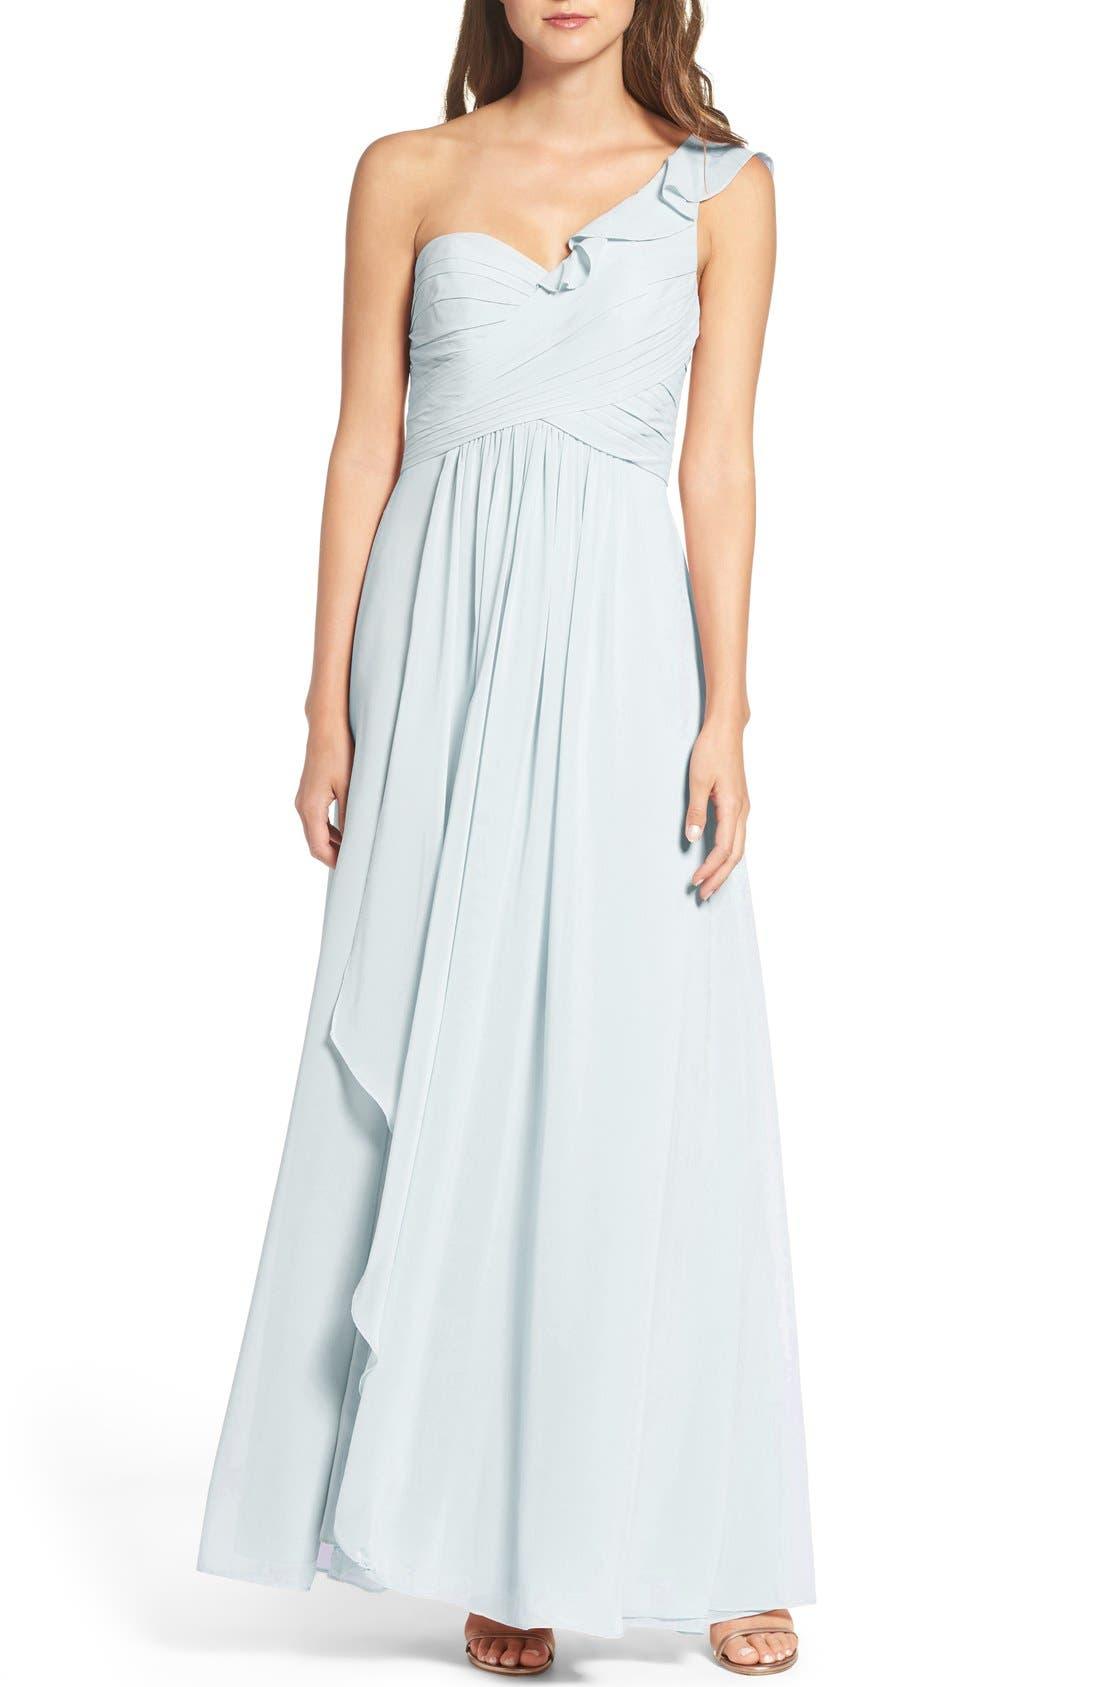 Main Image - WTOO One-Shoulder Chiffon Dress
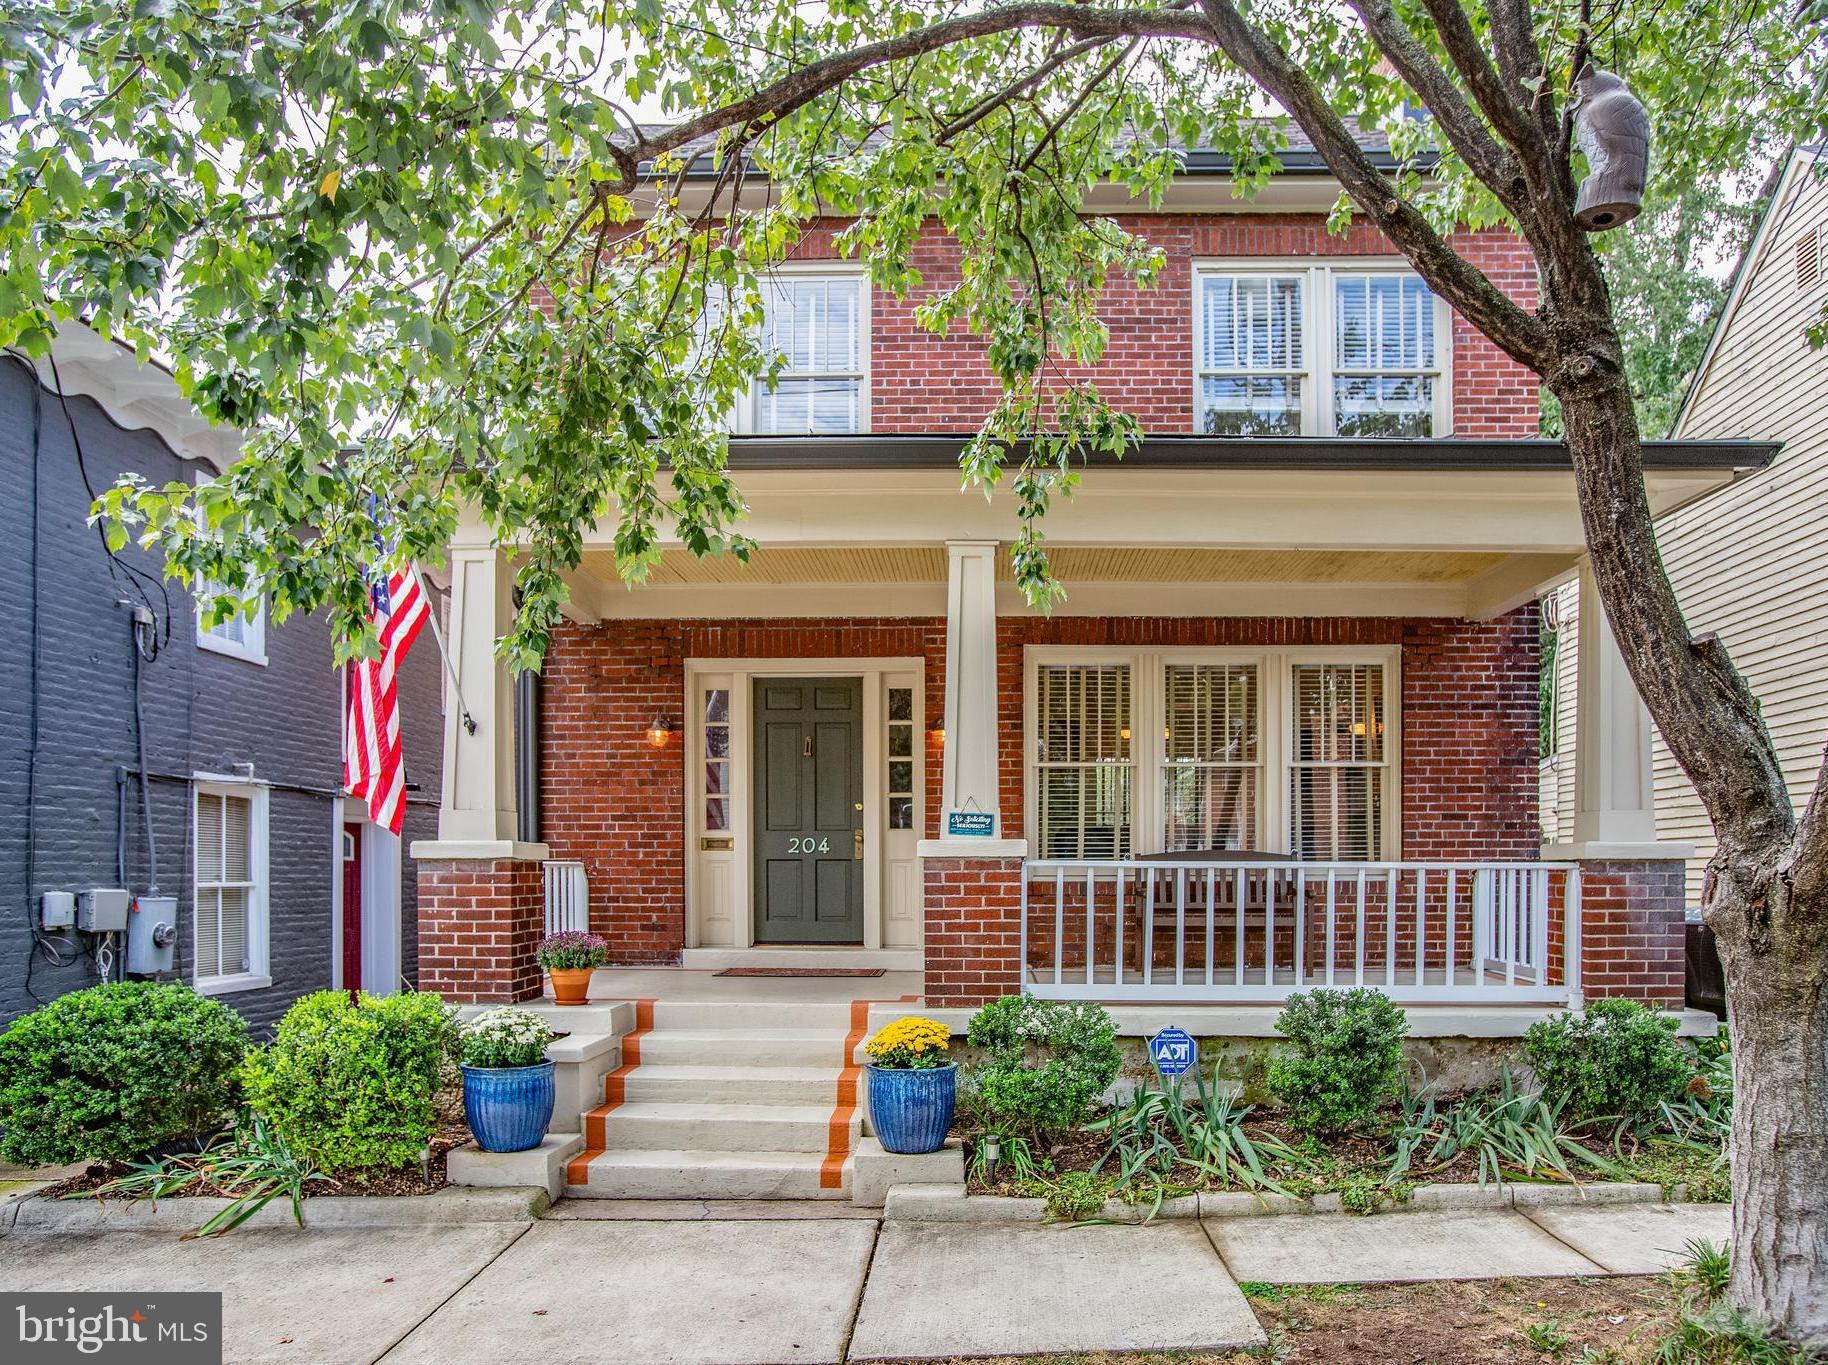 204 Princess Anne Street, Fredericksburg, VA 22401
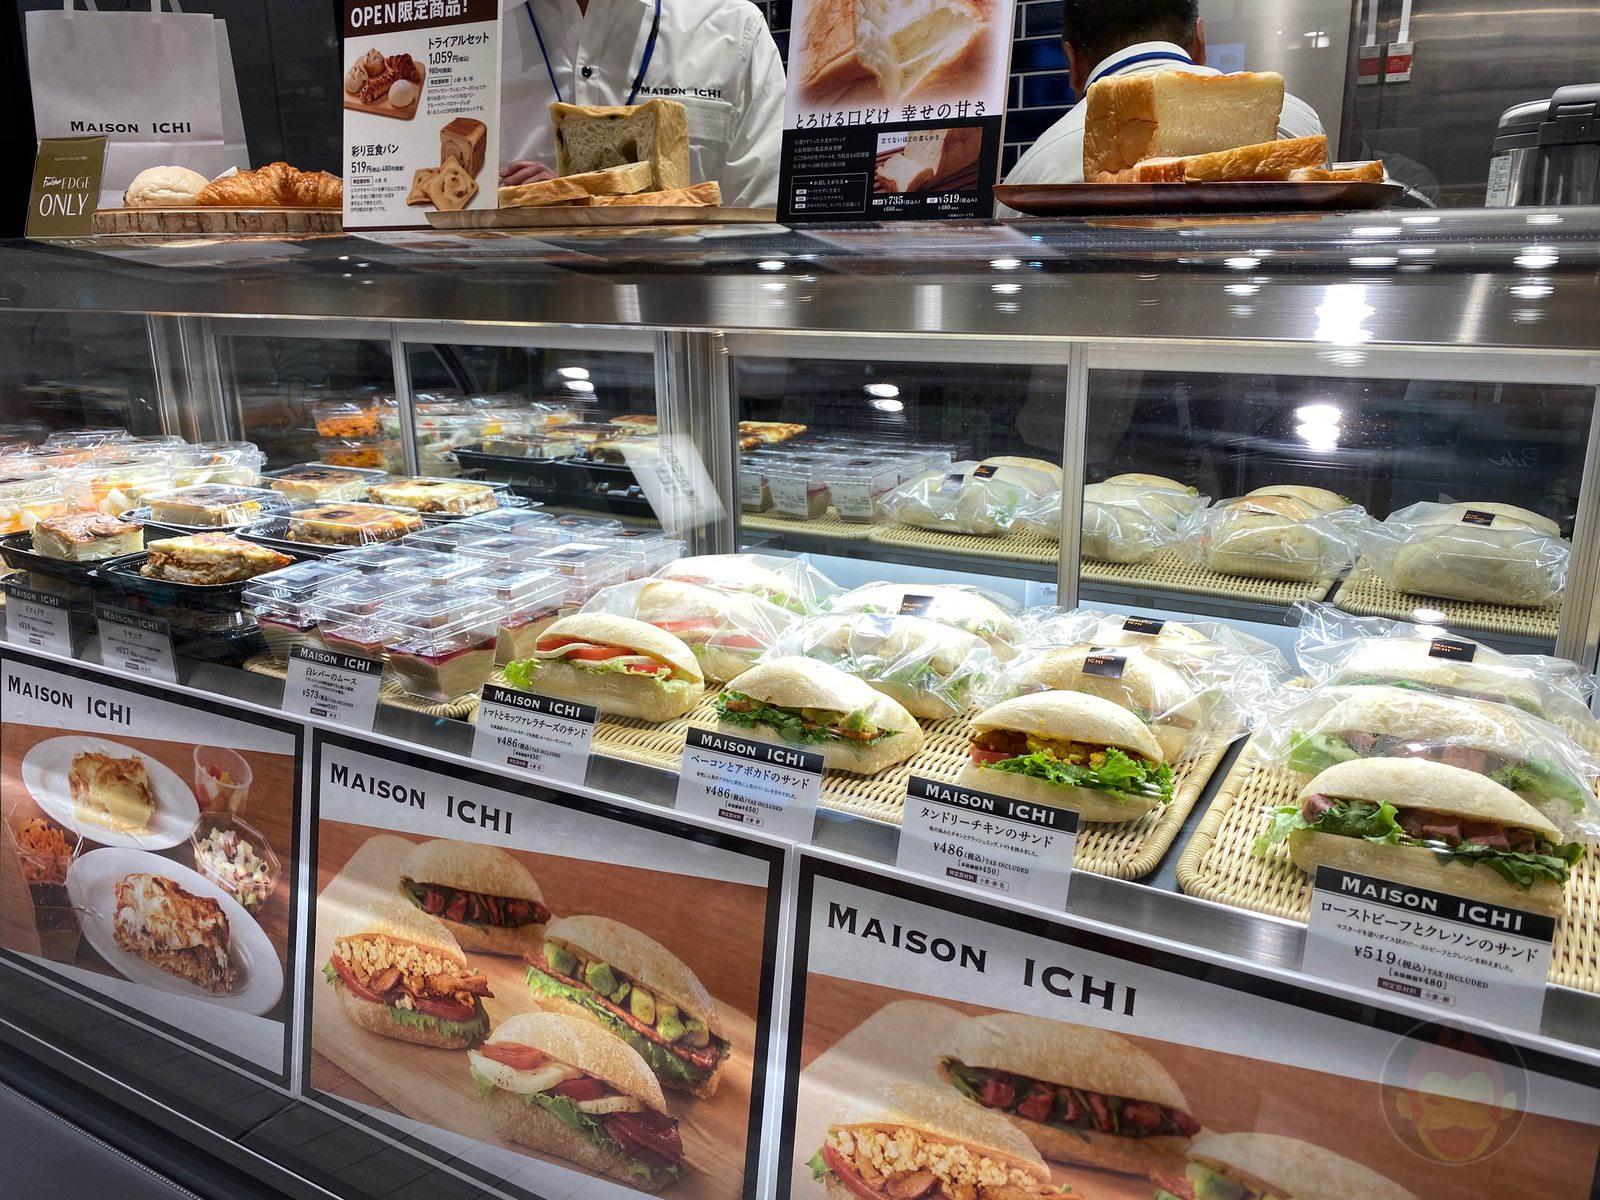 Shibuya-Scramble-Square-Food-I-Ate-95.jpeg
---+---
■ Exercise description: Restate the whole listing word for word. Omit the pictures.

■ Written solution:
 Main Image - WTOO One-Shoulder Chiffon Dress
 204 Princess Anne Street, Fredericksburg, VA 22401
 Shibuya-Scramble-Square-Food-I-Ate-95.jpeg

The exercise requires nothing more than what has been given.